- TASK TO CARRY OUT: Your output should be the lines from the one containing "Рузком Говядина тушеная" through the last line below, both ends included, exactly as written and free of pictures.

(Stored data entries)
○ ○ ○ ○ ○ ○ ○
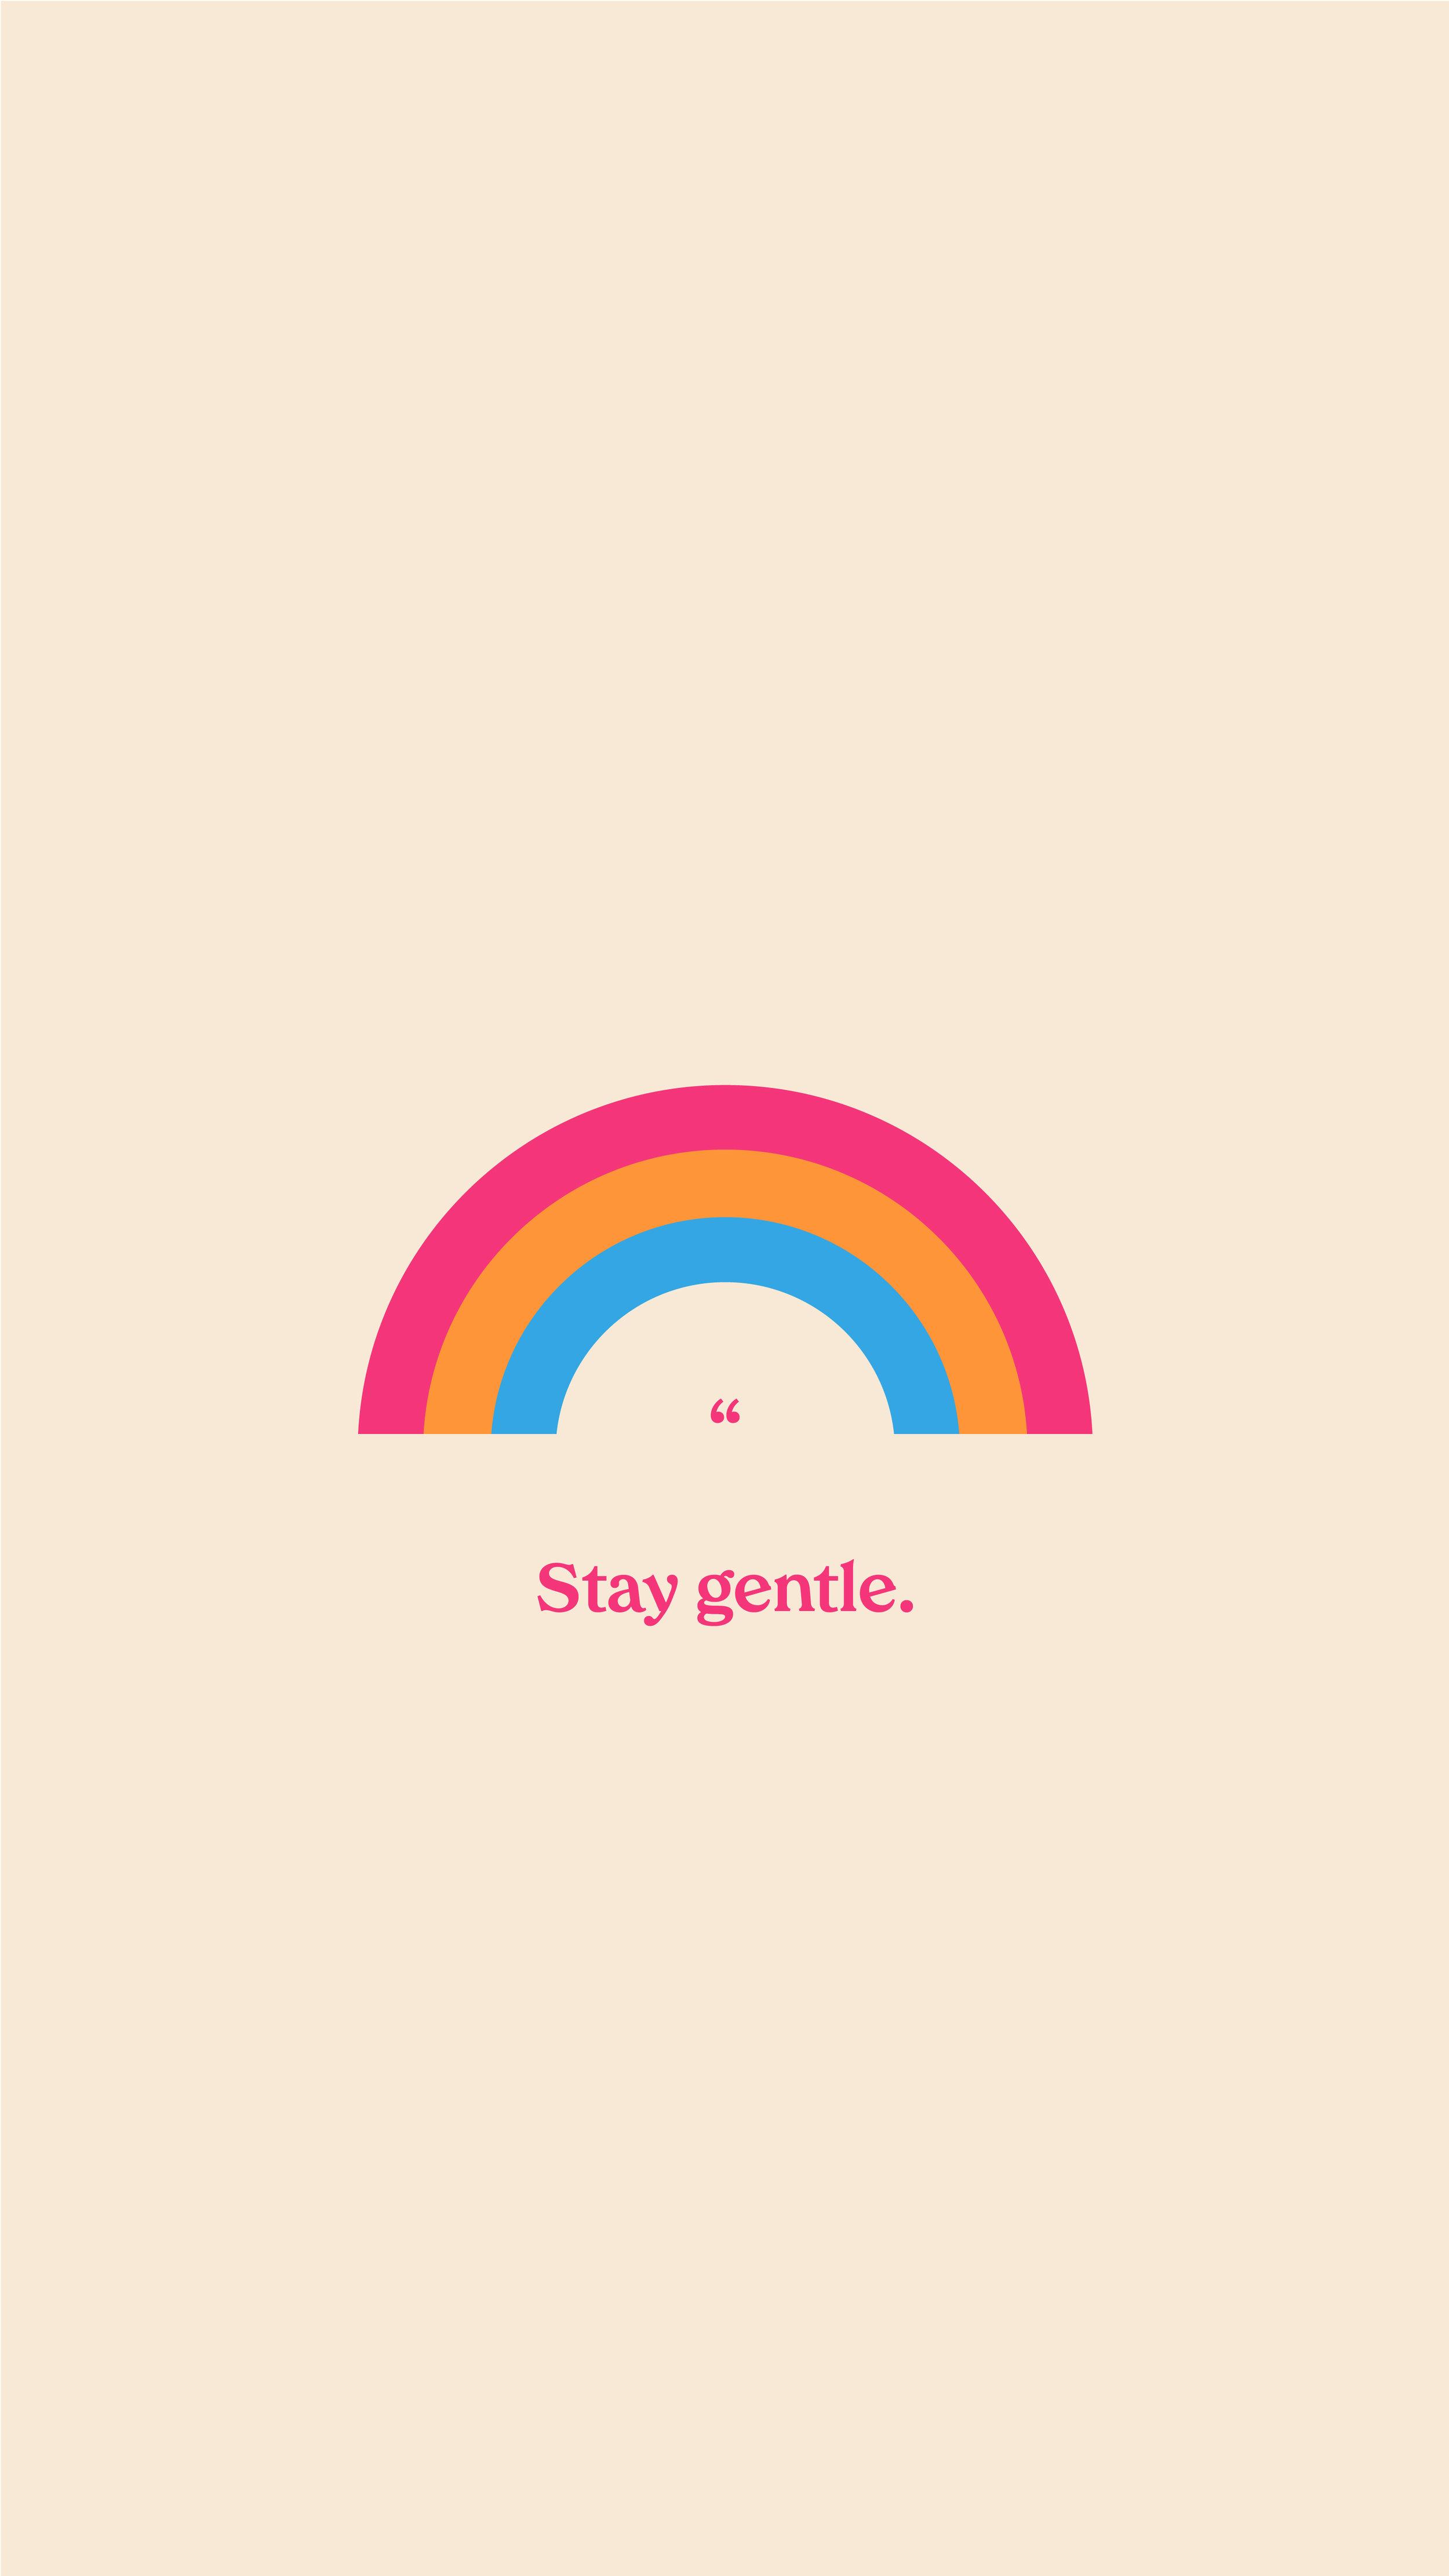 stay gentle.jpg
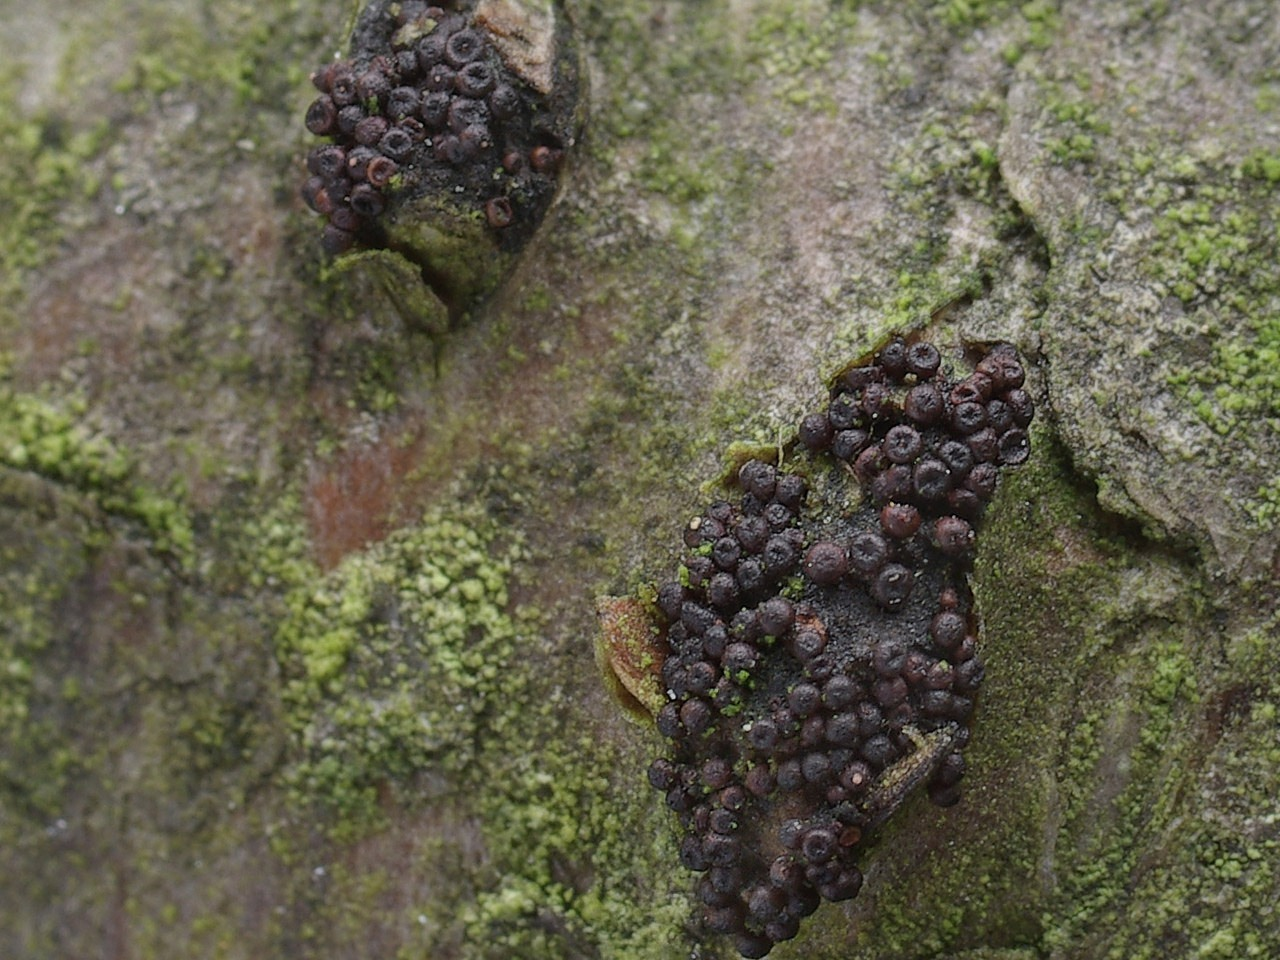 Лазиосферия семенновидная (Lasiosphaeria spermoides). Автор фото: Юрий Семенов
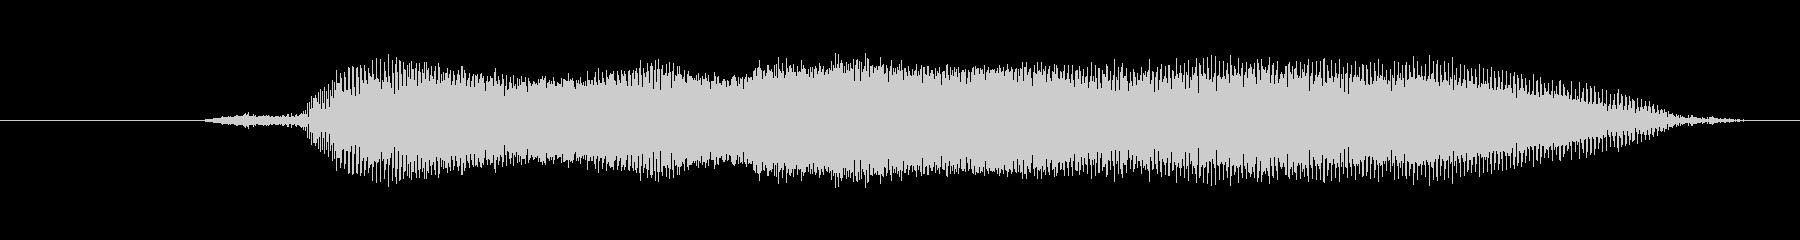 鳴き声 リトルガールラフ02の未再生の波形
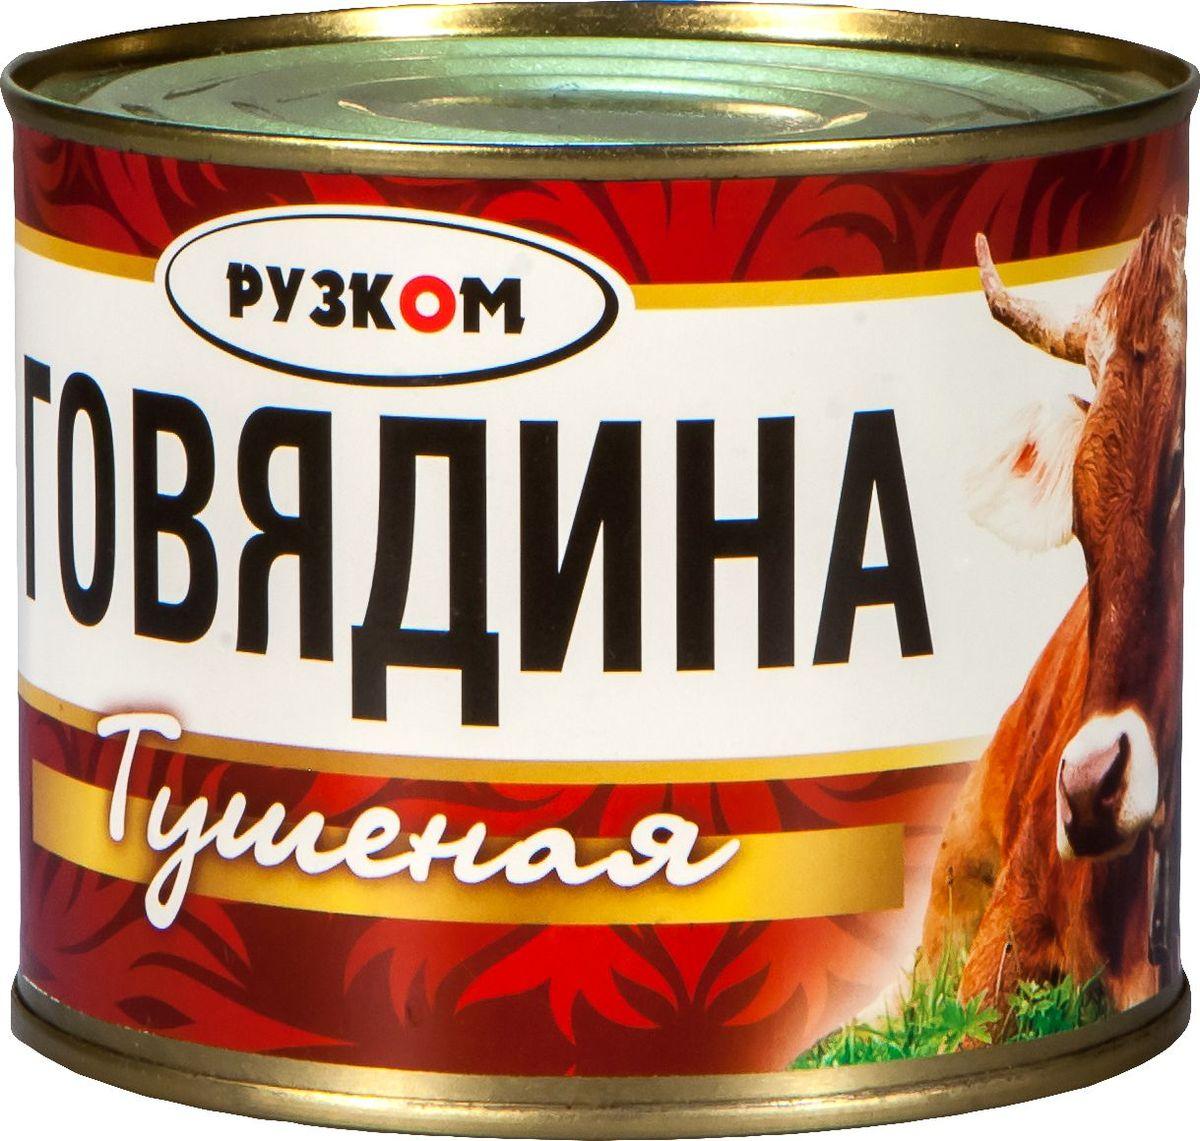 Рузком Говядина тушеная высший сорт ГОСТ, 525 г барс говядина тушеная высший сорт гост 325 г
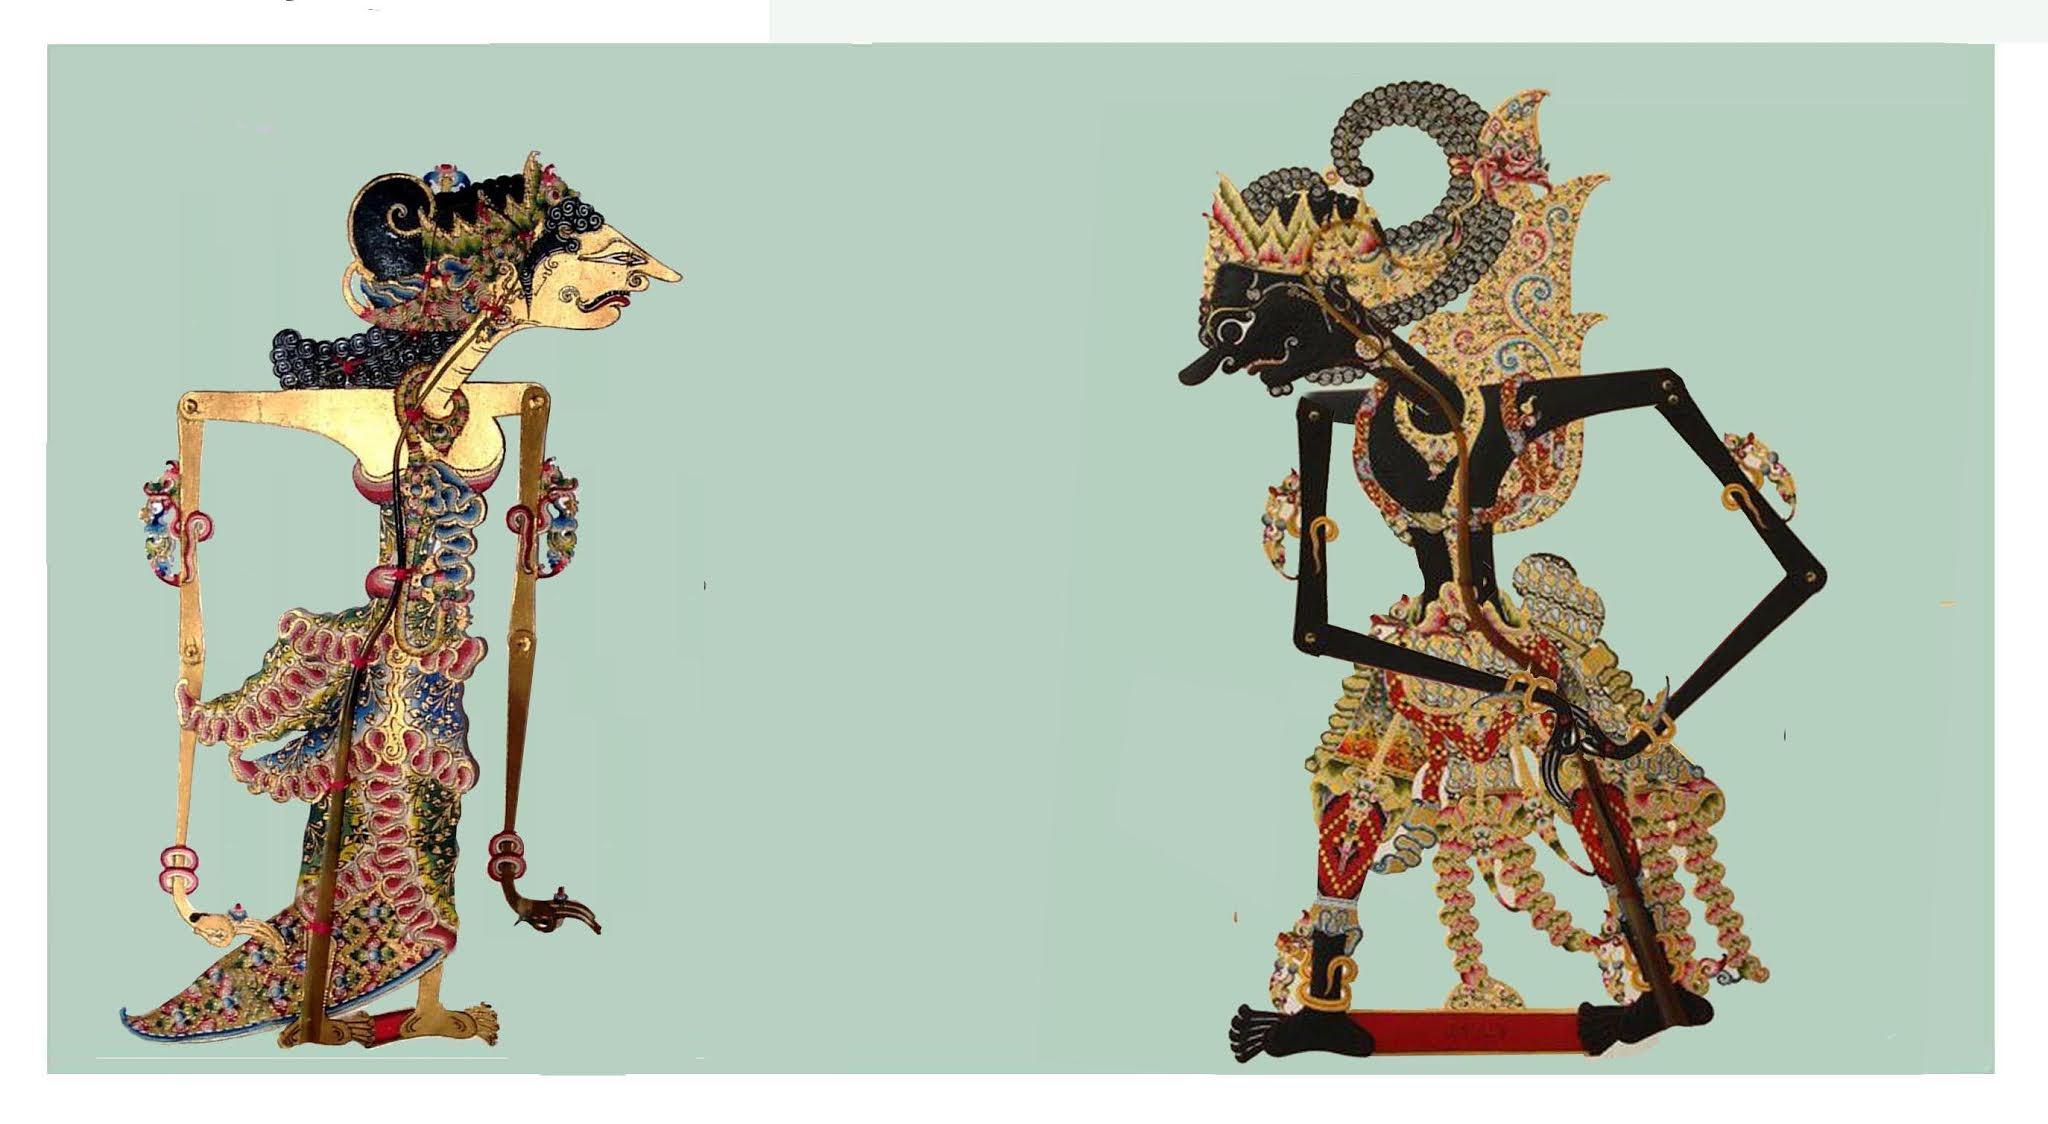 Kisah Cinta Dewi Arimbi dan Bima , Cinta Pada Pandangan Pertama Itu Ada
○ ○ ○ ○ ○ ○ ○
- EXERCISE RESULT:
 Рузком Говядина тушеная высший сорт ГОСТ, 525 г барс говядина тушеная высший сорт гост 325 г
 Kisah Cinta Dewi Arimbi dan Bima , Cinta Pada Pandangan Pertama Itu Ada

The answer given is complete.